Exercise requirements:
Go to the line with "Large Antique German" in the records below, then output it and each following line exactly, up to and including the line with "Enfants en tubércle". Skip pictures and add nothing.

Data provided:
====

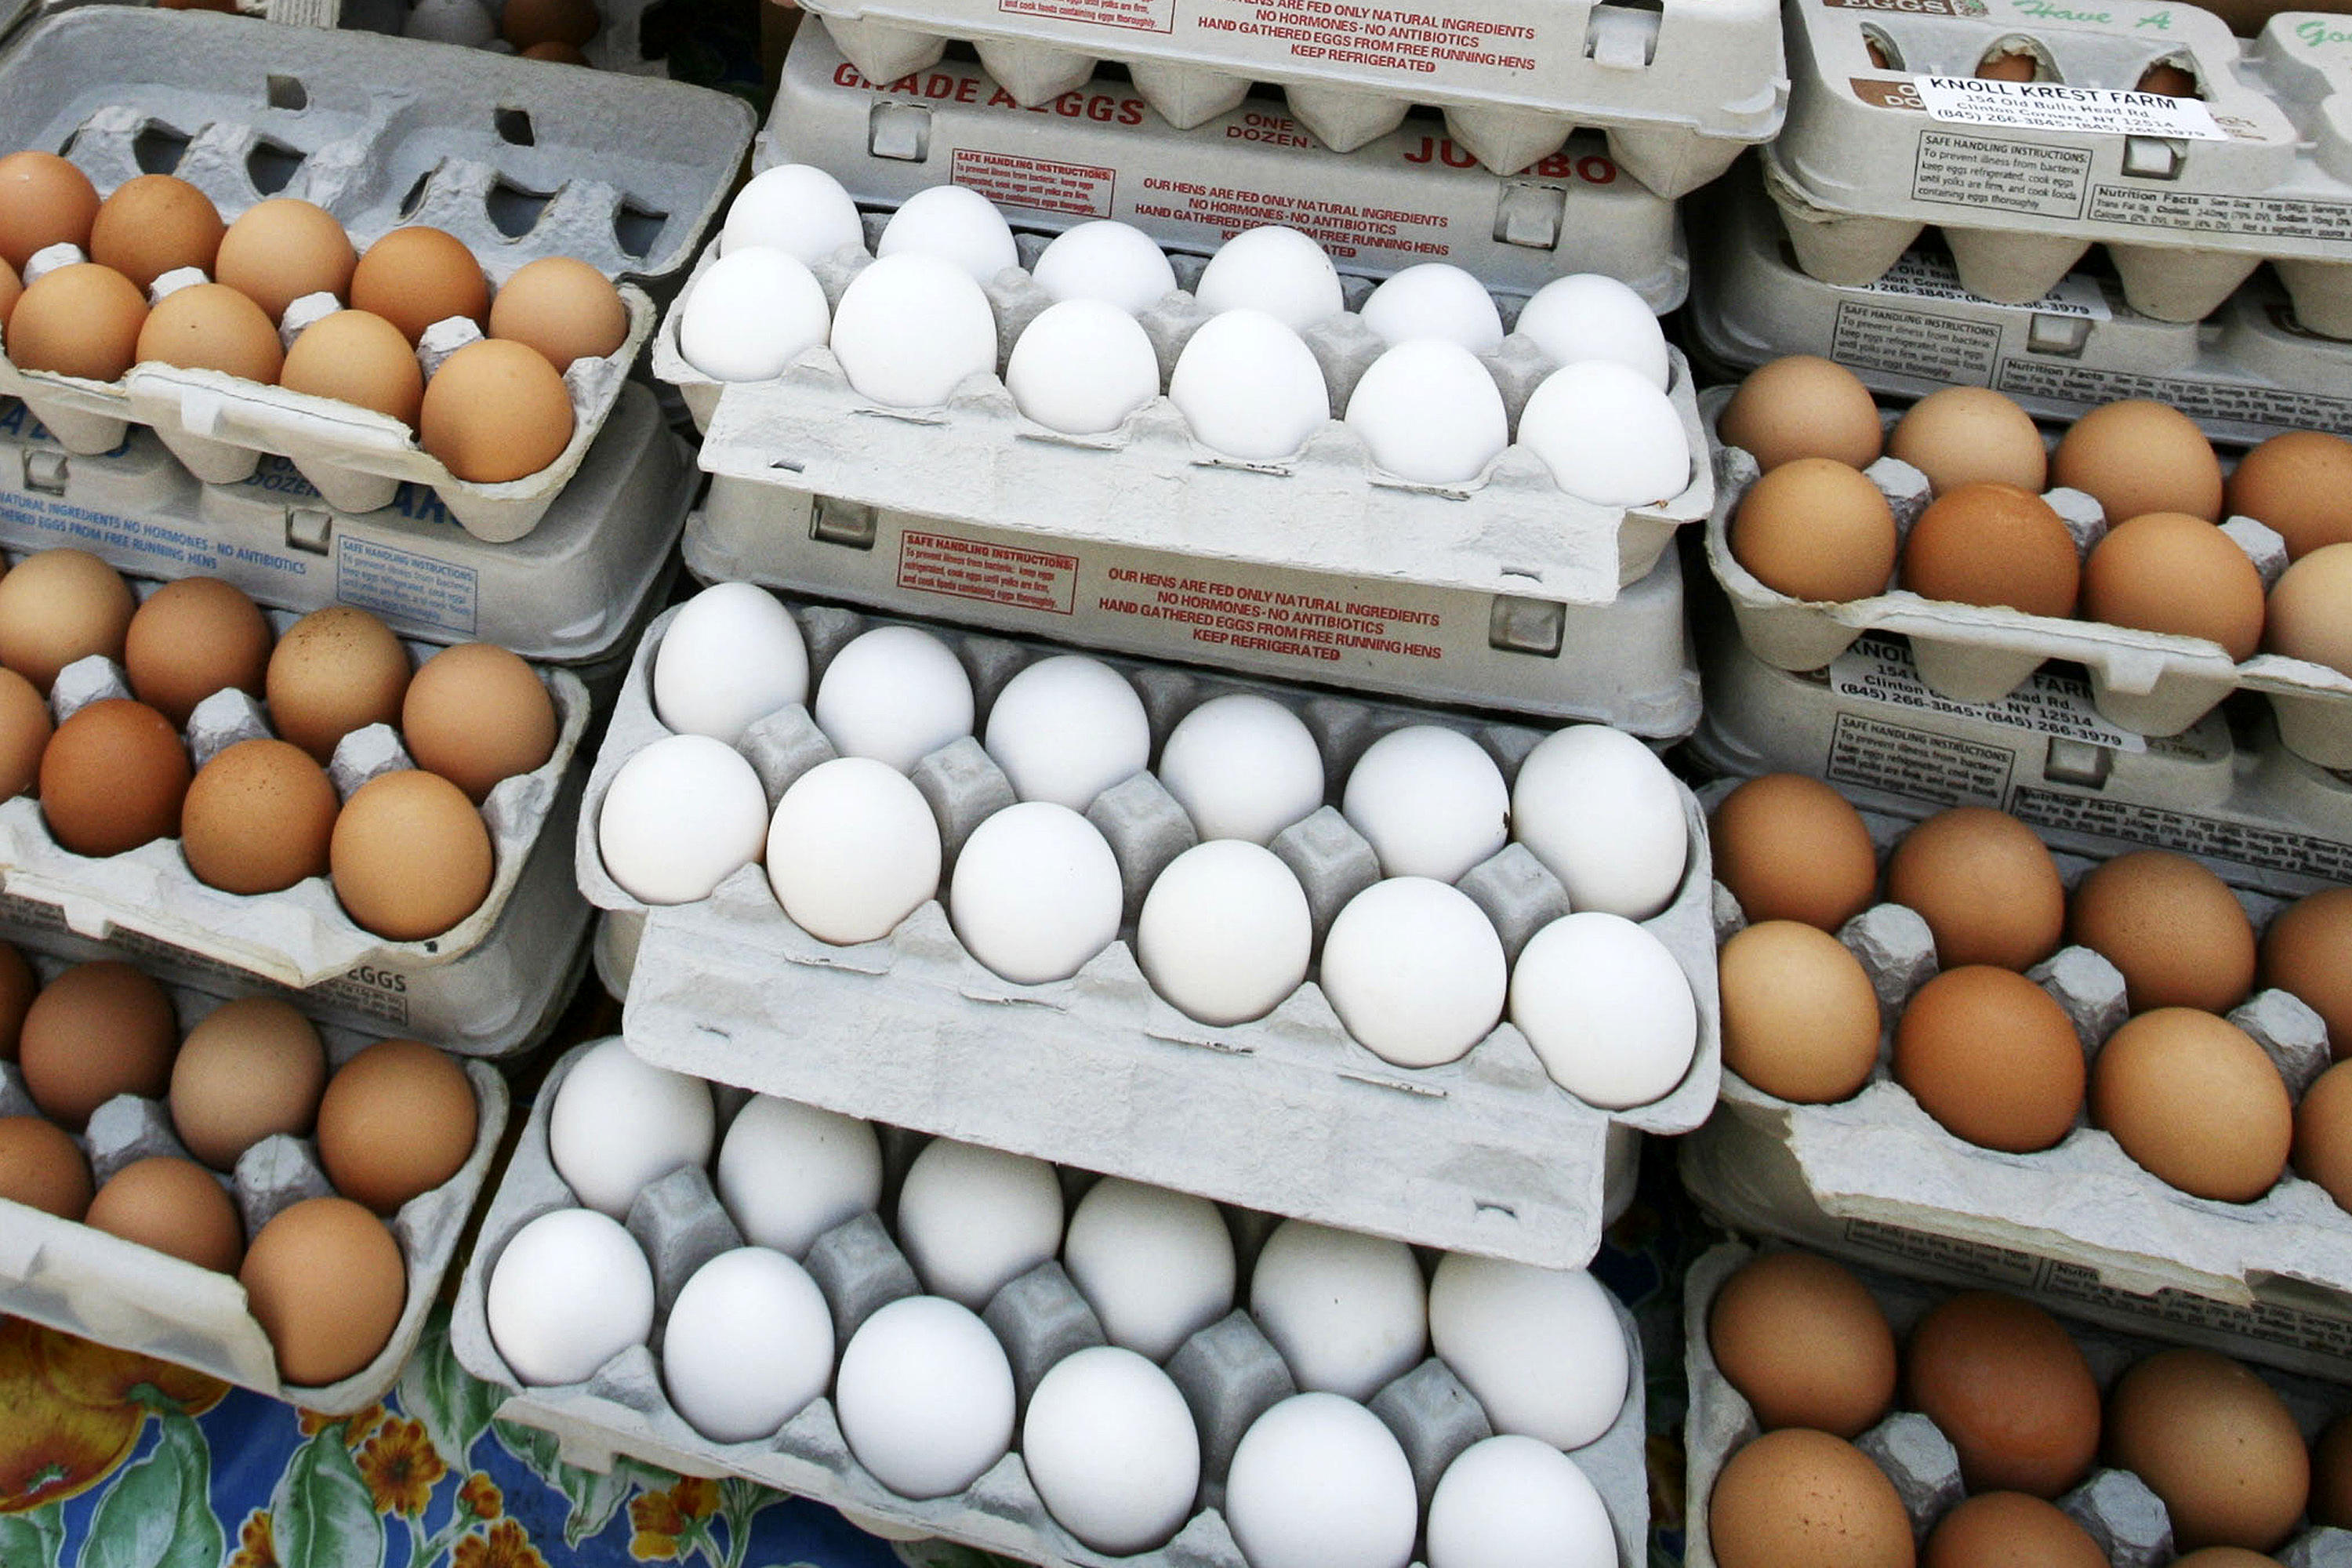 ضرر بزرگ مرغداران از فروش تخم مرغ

====

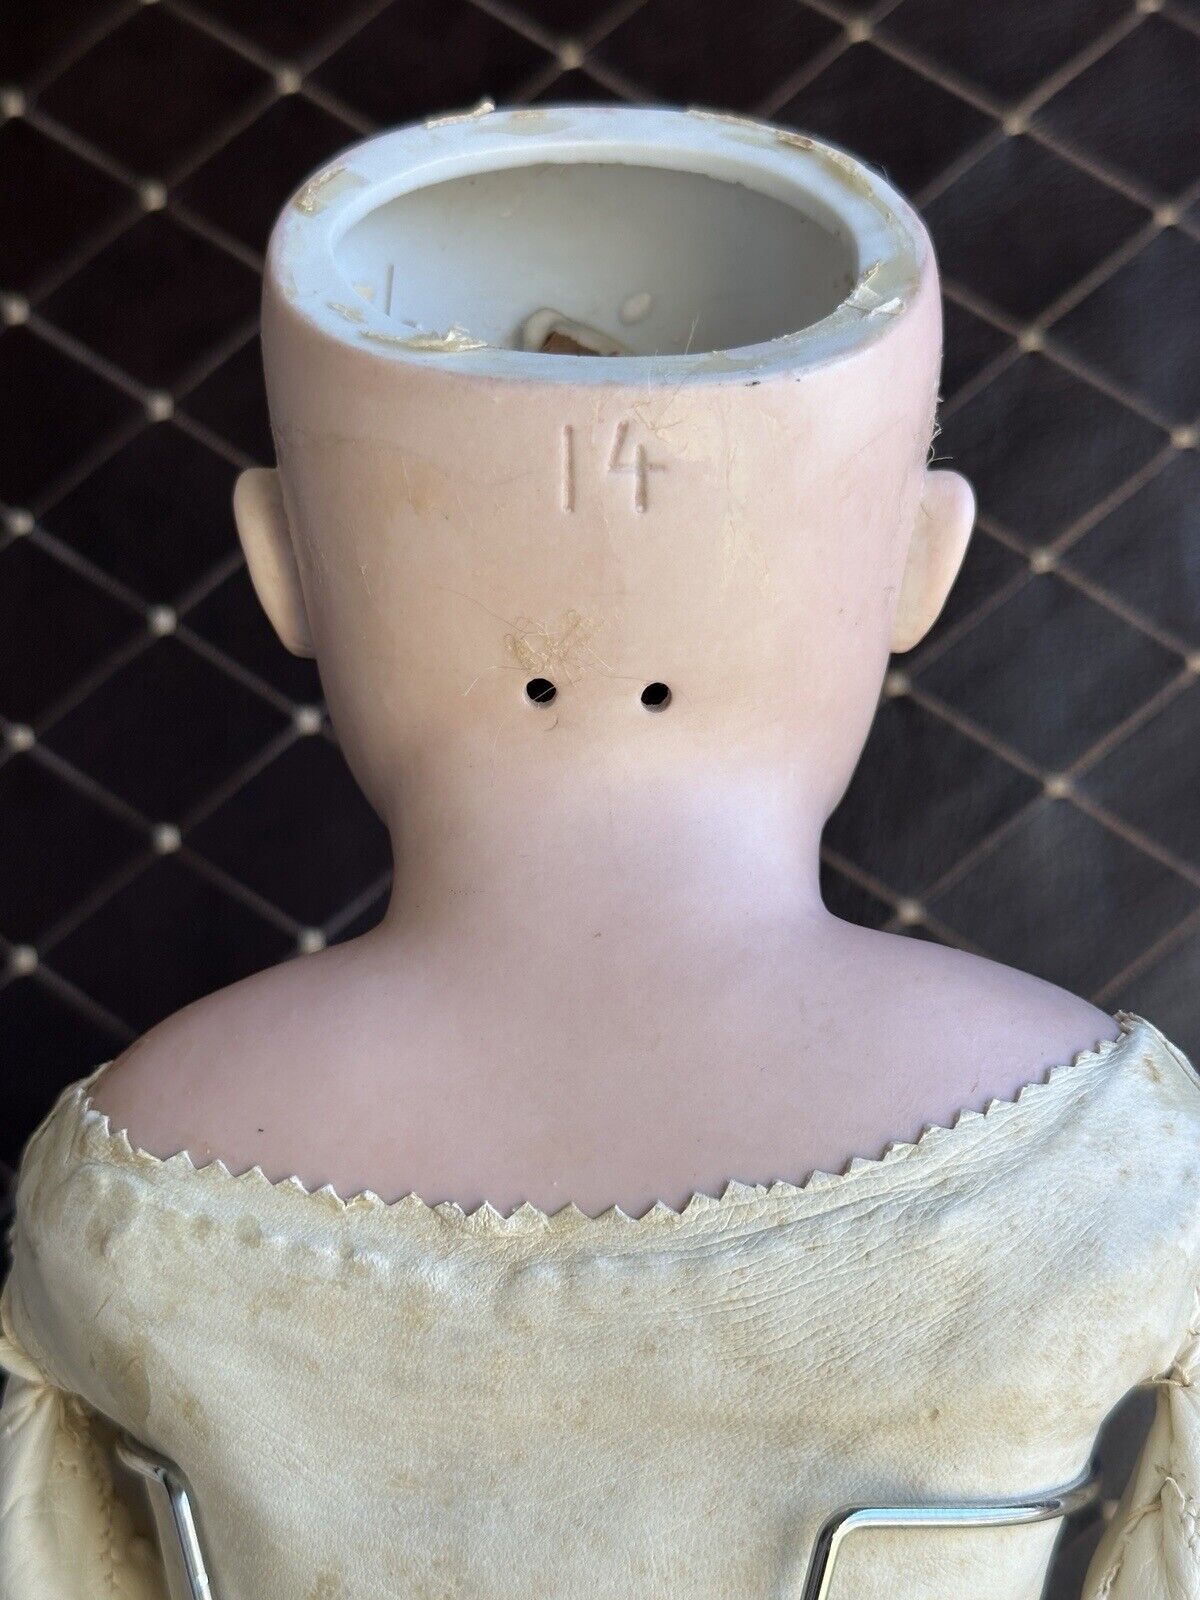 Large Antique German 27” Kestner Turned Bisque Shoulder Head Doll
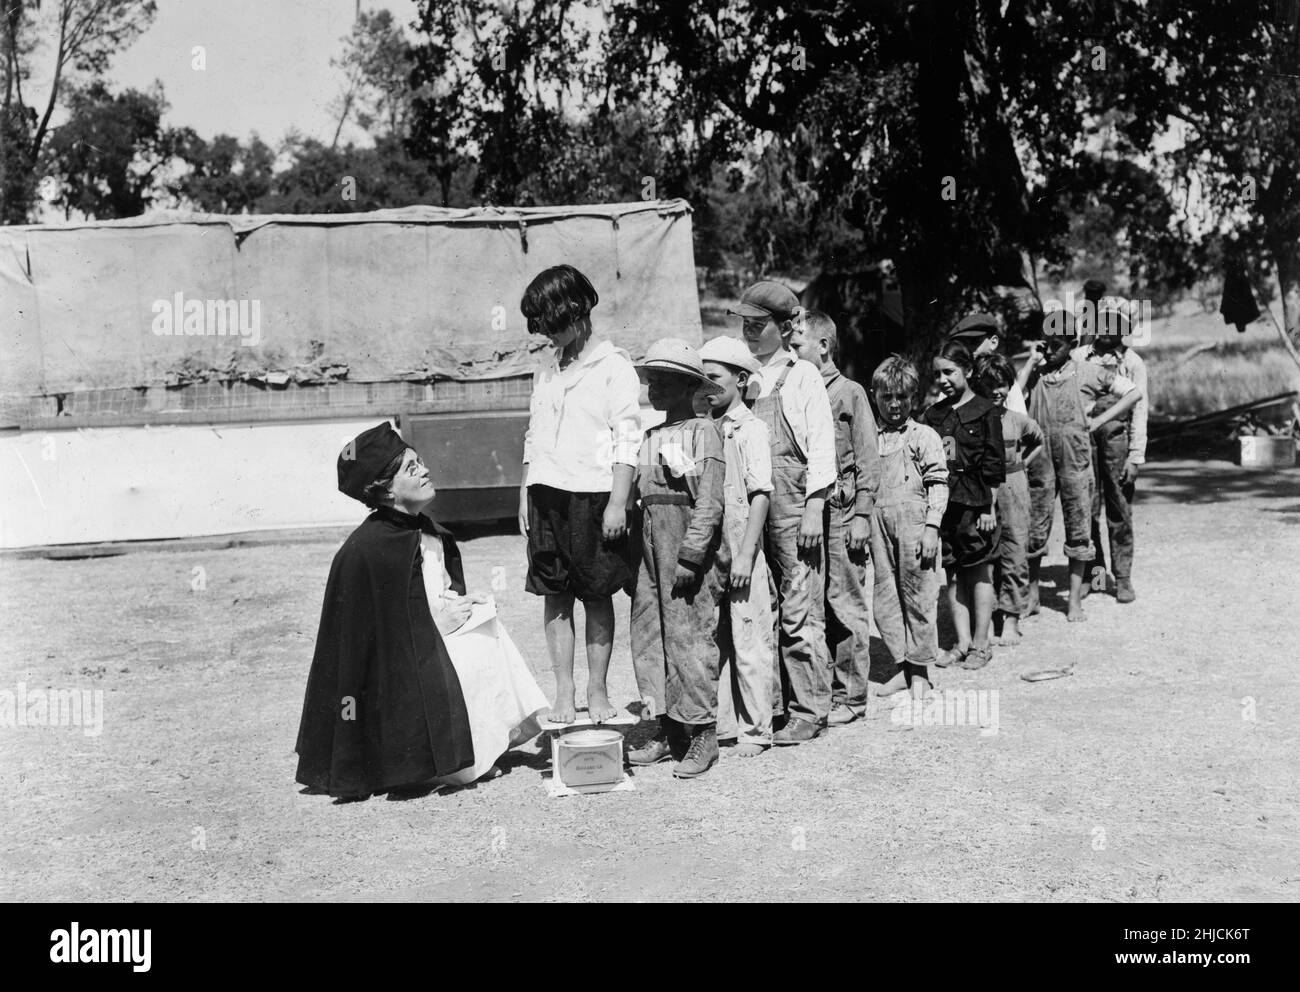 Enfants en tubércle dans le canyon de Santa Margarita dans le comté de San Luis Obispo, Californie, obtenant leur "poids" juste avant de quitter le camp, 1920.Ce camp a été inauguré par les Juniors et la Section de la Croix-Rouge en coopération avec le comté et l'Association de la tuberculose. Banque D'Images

====

Answer for the task:
 Large Antique German 27” Kestner Turned Bisque Shoulder Head Doll
 Enfants en tubércle dans le canyon de Santa Margarita dans le comté de San Luis Obispo, Californie, obtenant leur "poids" juste avant de quitter le camp, 1920.Ce camp a été inauguré par les Juniors et la Section de la Croix-Rouge en coopération avec le comté et l'Association de la tuberculose. Banque D'Images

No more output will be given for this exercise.